Investigation of the Effect of Lymphedema Self-Care Patient School on Functionality, Quality of Life, Lymphedema Volume, and Body Value in Patients with Lower Extremity Lymphedema: A Quasi-Experimental Study.

This study examined the effect of lymphedema self-care patient school education on patient functionality, quality of life, body value, and lymphedema volume in patients with lower extremity lymphedema. The study utilized a single-group quasi-experimental design. The study sample included 21 patients with primary and secondary lower extremity lymphedema.

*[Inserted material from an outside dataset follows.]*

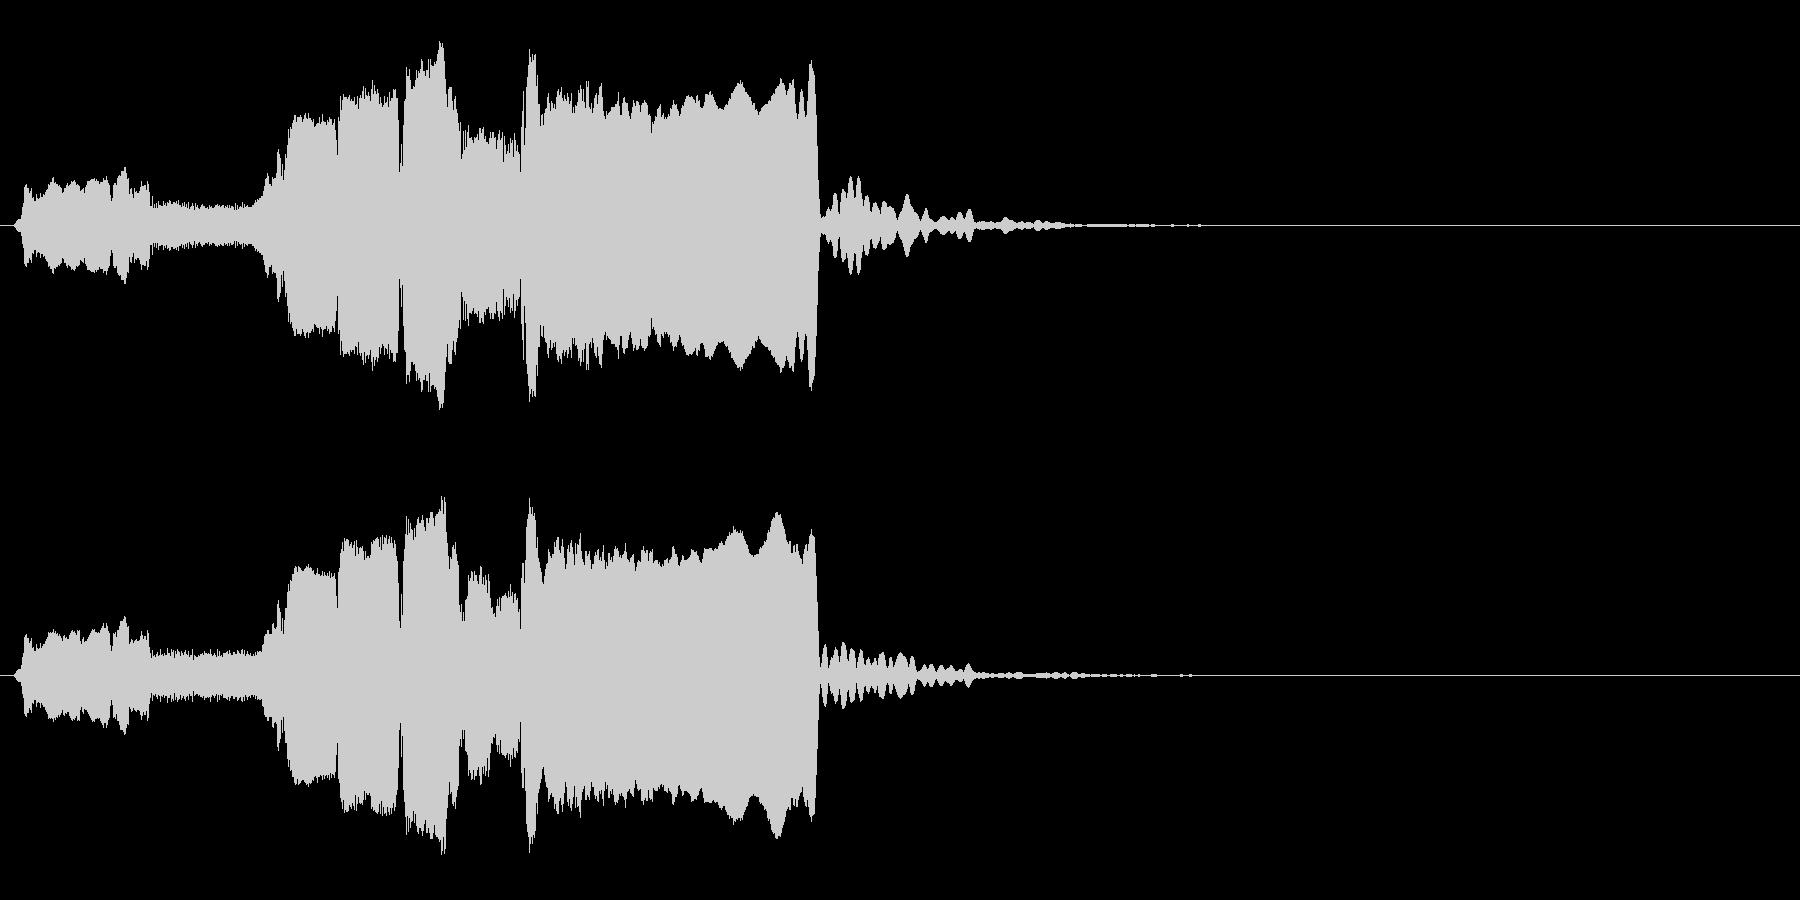 はじまり(早め)◆篠笛生演奏の和風効果音の未再生の波形

A multidisciplinary team created a face-to-face lymphedema self-care patient education program that lasted three weeks with four hours each week to enhance lymphedema self-care management. Data collected from participants prior to the program and then at third and sixth months via Lower Extremity Functional Scale (LEFS), Lymphedema Functionality, Disability and Quality of Life Scale in Lower Extremity Lymphedema (LYMPH-ICF-LL), Body Value Scale, and extremity volumes. The average age of the patients was 54.85±11.99 years and two-thirds had secondary lymphedema. A statistically significant difference was found in the mean scores of LEFS (p<0.001), LYMPH-ICF-LL total (p= 0.006) in the 3rd and 6th months after the completion of the program, and in the lymphedema volume change (p= 0.031) in the 6th month. It was found that the lymphedema self-care patient school improved functionality and quality of life in patients with lower extremity lymphedema and decreased lymphedema volume. This lymphedema self-care patient education pro-gram is a safe and effective educational method for self-care management in individuals with lower extremity lymphedema.